Einstein’s theory was also confirmed by experiments on the speed of light in moving bodies of water and on magnetic forces in moving substances. The abandonment of the concept of simultaneity means that two events recorded as simultaneous by an observer are not so for a second observer in motion with respect to the first. The evolution of every particle or object in the universe is described by a line called universal in four-dimensional space, called spacetime . The distance (or interval) between any two events can be described by a combination of intervals of space and time.
Theory of general relativity
In 1915 Einstein formulated the theory of general relativity, also valid for systems in accelerated motion with each other . The need for this theory came from the apparent contrast between the laws of relativity and the law of gravitation. To resolve these conflicts, Einstein developed a new approach to the concept of gravity, based on the principle of equivalence. In the new formulation, the forces associated with gravity are equivalent to those produced by acceleration. Therefore, it is theoretically impossible to distinguish the two types of forces. The analogy between the two relativities is obvious: the special theory of relativity established that a person, inside a car at constant speed on a smooth road, could in no way know whether he was at rest or in uniform rectilinear motion.
However, the theory of general relativity stated that a person, inside the machine in accelerated, decelerated or curvilinear movement, could not establish whether the forces that determined the movement were of gravitational origin or if they were accelerating forces activated by other mechanisms.
Theory of special relativity
According to Einstein’s theory, Newton’s law of gravitation was an unnecessary hypothesis. In fact, Einstein considered all forces, including gravitational, to be the effects of an acceleration. Newton’s hypothesis, according to which two objects attract each other with a force proportional to their masses, has been replaced in general relativity by the hypothesis that spacetime curves in the vicinity of massive bodies. Einstein’s law of gravitation consists in synthesis in the statement that the universal line of a body is a curve that joins the different points in space according to the shortest path.

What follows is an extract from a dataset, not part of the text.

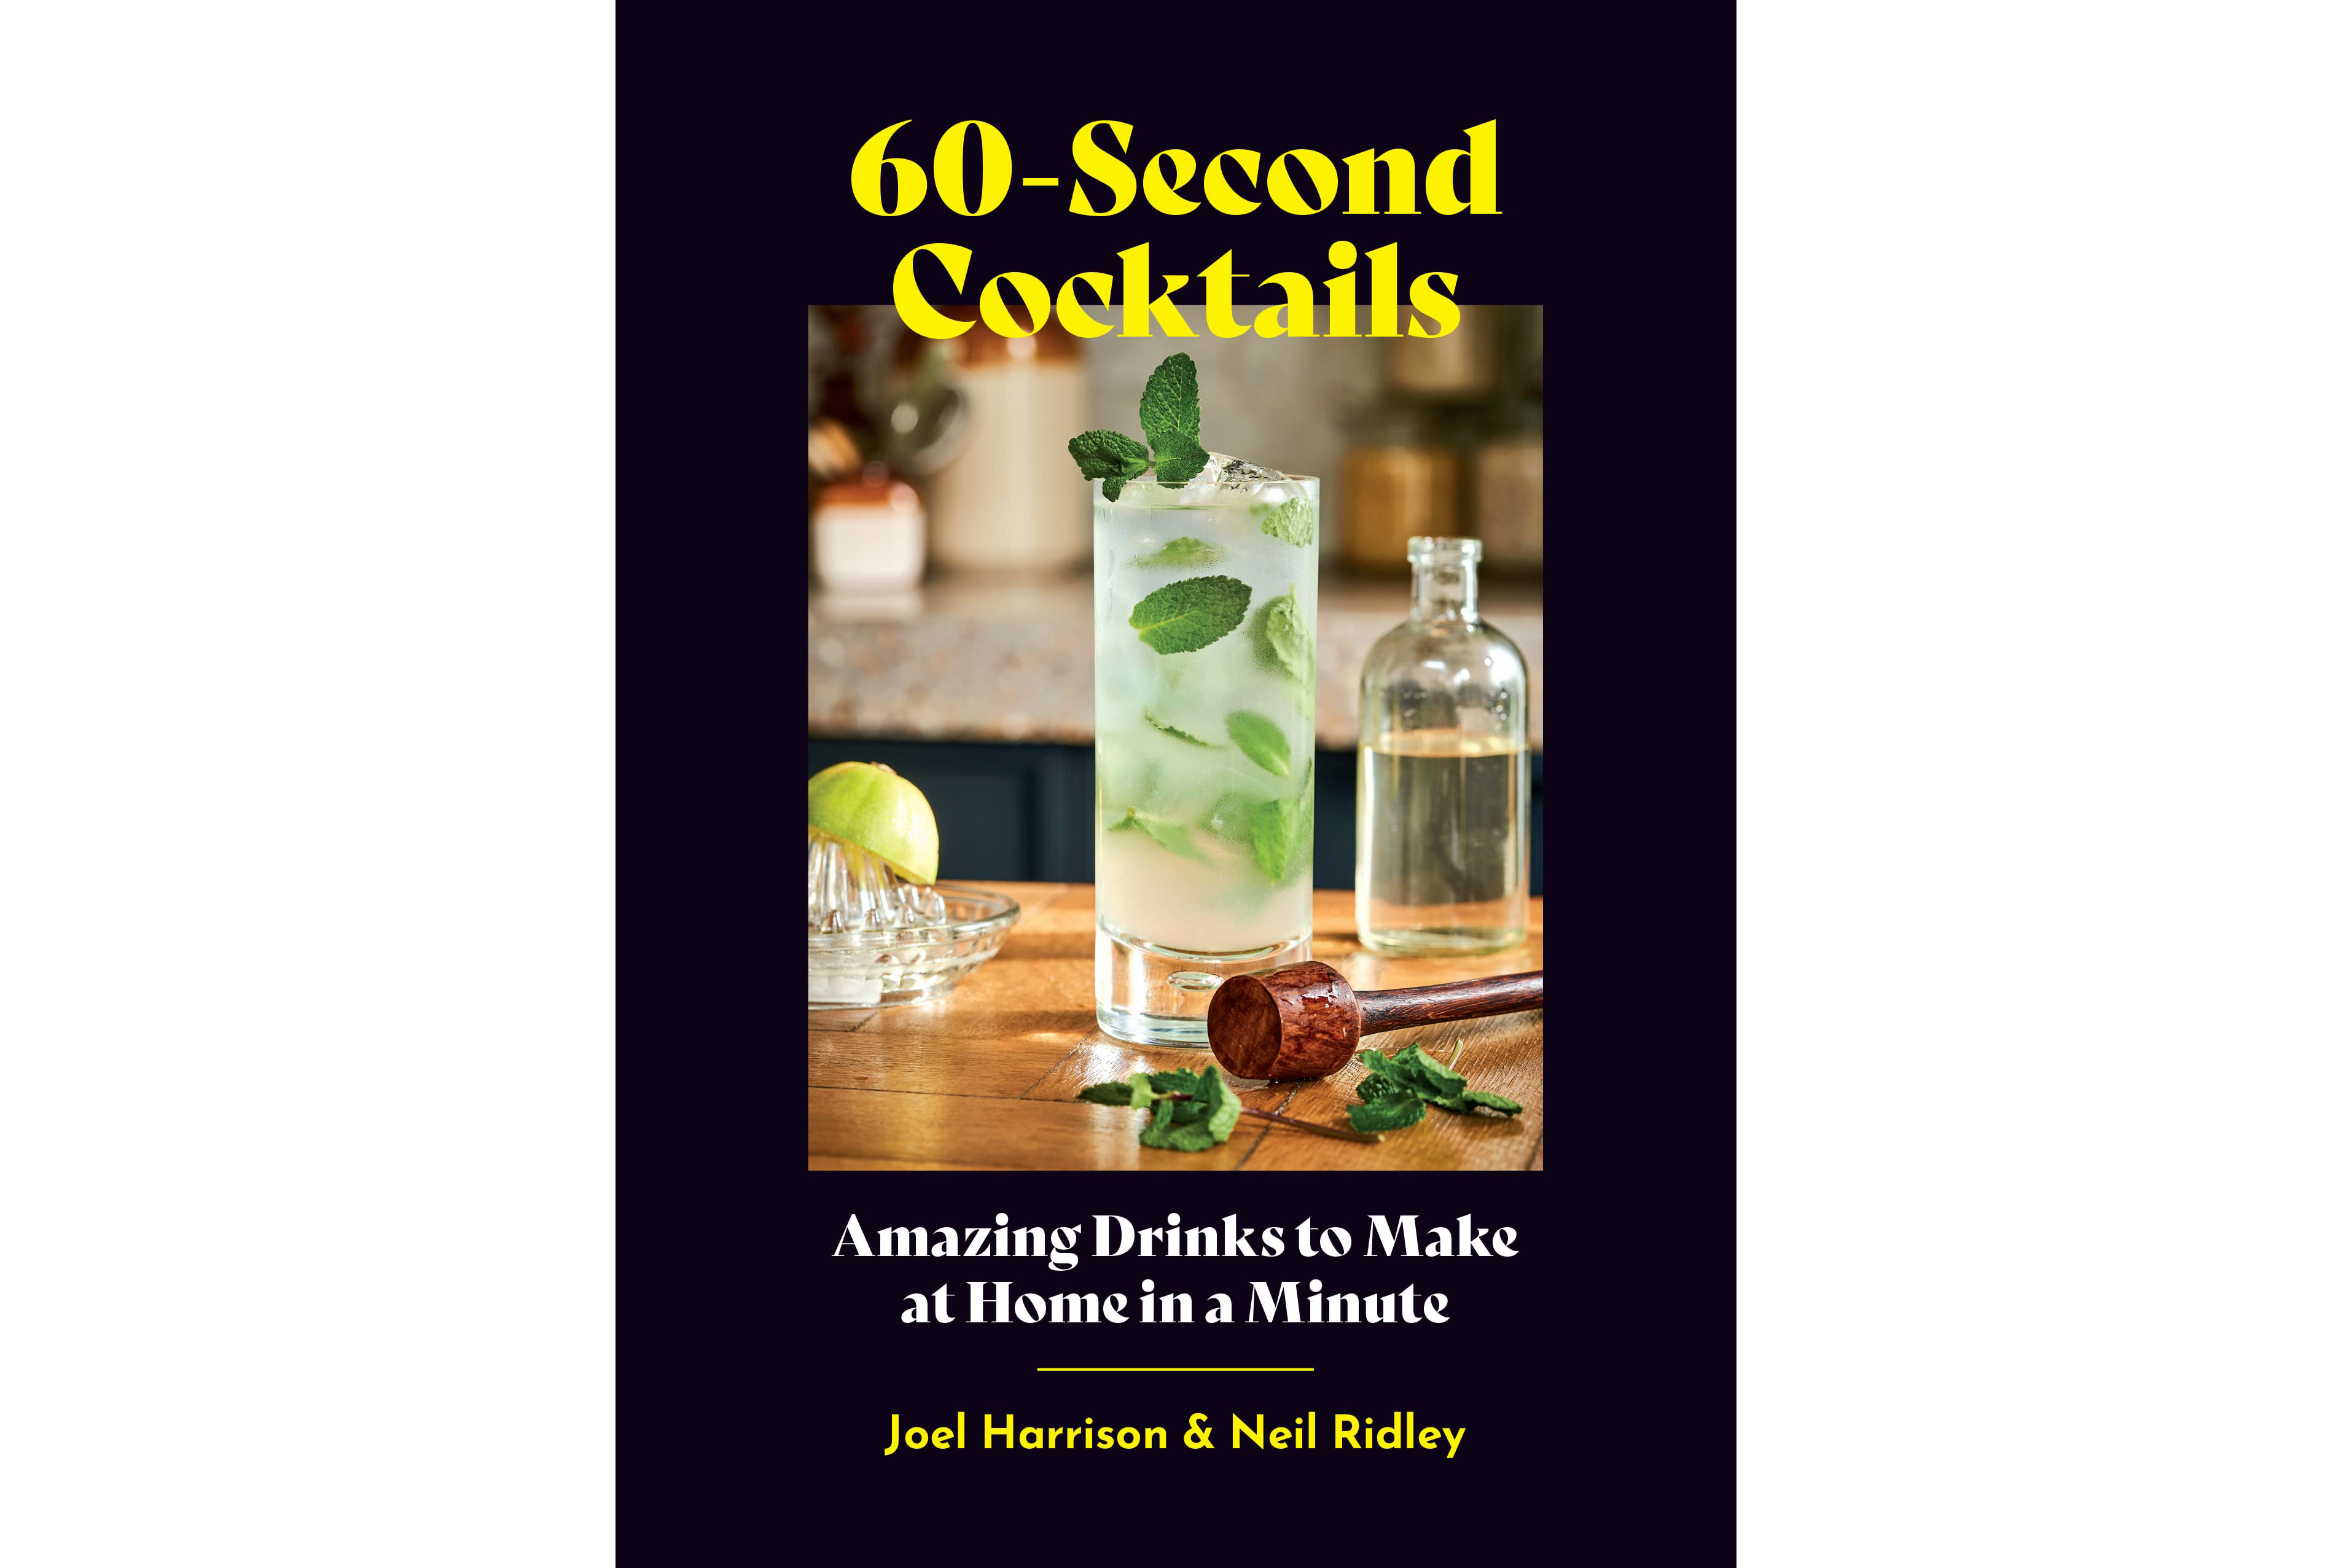 2020's Perfect Gift: Mind-Blowing Cocktails in Under a Minute

A theory that seems easier to understand than the theory of general relativity that has a complex mathematical formulation, based on the application of tensor algebra and Riemannian geometry. The famous claim that only ten people in the world understood Einstein’s general relativity alludes to the difficulty of the mathematical concepts that form the backbone of the theory’s formalism. In contrast, special relativity is based on simple calculations, which everyone can understand.
How Einstein’s Theory of Relativity Has Evolved and How It Is Applied
Since its introduction, Einstein’s relativity has found many experimental confirmations. After 1915, the theory of general relativity was expanded by Einstein himself and developed by scientists such as James Jeans, Arthur Eddington, Edward Arthur Milne, Willem de Sitter, and Hermann Weyl. Much of his work was aimed at expanding the theory to include electromagnetic phenomena. Many studies subsequent to the formulation of the theory have been devoted to the creation of a relativistic quantum mechanics. Furthermore, physicists have studied the cosmological consequences of the theory of general relativity: many lines of development were in fact possible in the scheme of axioms established by Einstein. For example, the theory of relativity implied the possibility that the universe was expanding. Hypothesis that seemed confirmed by the experimental results.